For example, there are now nearly 100 drugs in development for Alzheimer’s disease, dementias and other cognitive disorders, and almost 900 medicines being tested for cancer.

It is government regulation that has become a significant obstacle for drug developers and a disincentive for potential investors. Bringing a new drug to market now requires 10 to 15 years and costs more than $1.3 billion, and the number of drugs approved by the FDA annually is trending downward. Perhaps the most ominous statistic is that manufacturers recoup their R&D costs for only one in five approved drugs, down from one in four about a decade ago.

Many of the challenges to pharmaceutical development are caused by the FDA’s excessive risk aversion, unchecked by congressional oversight, that has forced companies to perform ever-larger, longer, more complex and more expensive clinical trials.

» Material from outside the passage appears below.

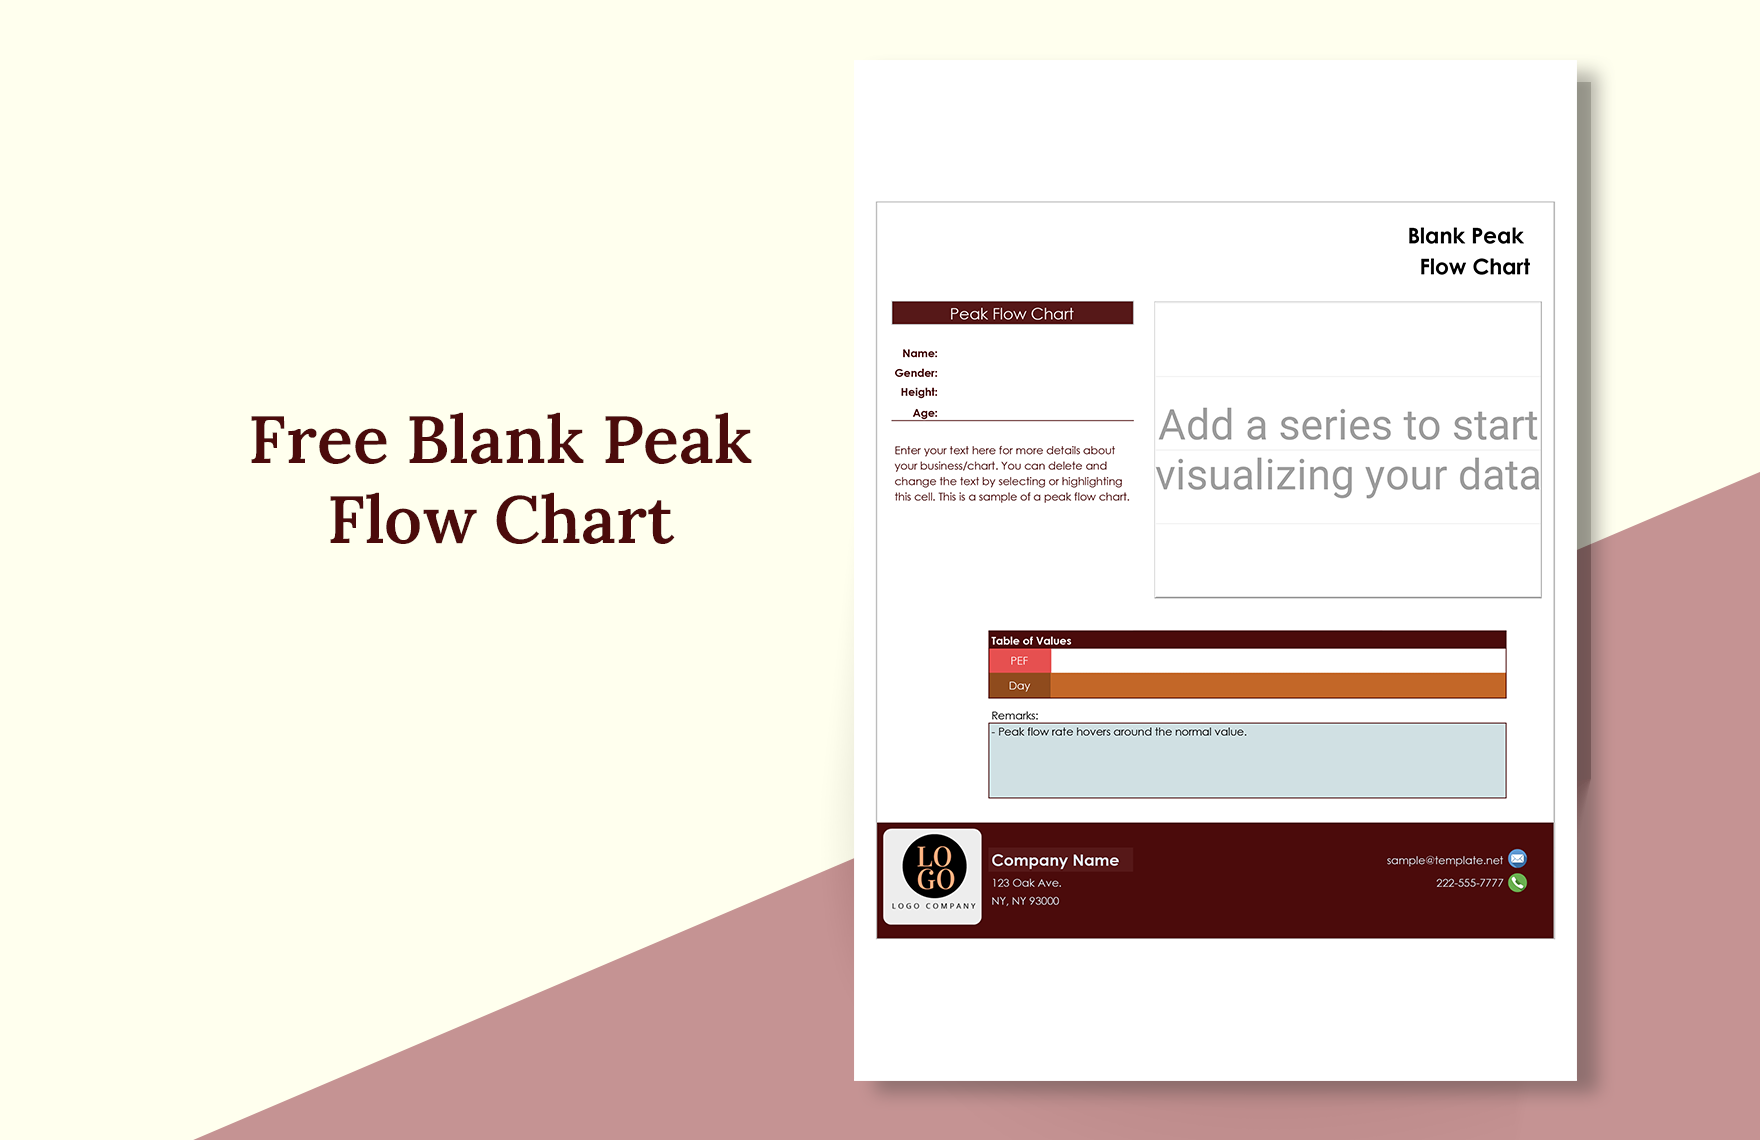 Blank Peak Flow Chart

The bill does nothing concrete to drain the regulatory swamp. Instead, it allocates $50 million for activities already underway and offers only vague, boilerplate language: “facilitate innovative and expedited review” and “regular and ongoing communication” between the FDA and drug developers, and promote “regulatory science.”

There are many FDA regulatory issues that Congress should address.

One is the agreement that gives the drug review and drug safety offices within the FDA equal responsibility for “significant safety issues” pertaining to medicines that are under review or have already been approved for marketing. The drug safety group is so narrowly focused on “safety” that it seems oblivious to the fact that because all drugs have side effects, safety cannot be evaluated in a vacuum. Instead, “safety” must be part of a risk-benefit judgment. The group’s motto might be: “If you don’t approve new drugs, you avoid safety problems with them.” These drug safety zealots should be returned to a purely advisory role.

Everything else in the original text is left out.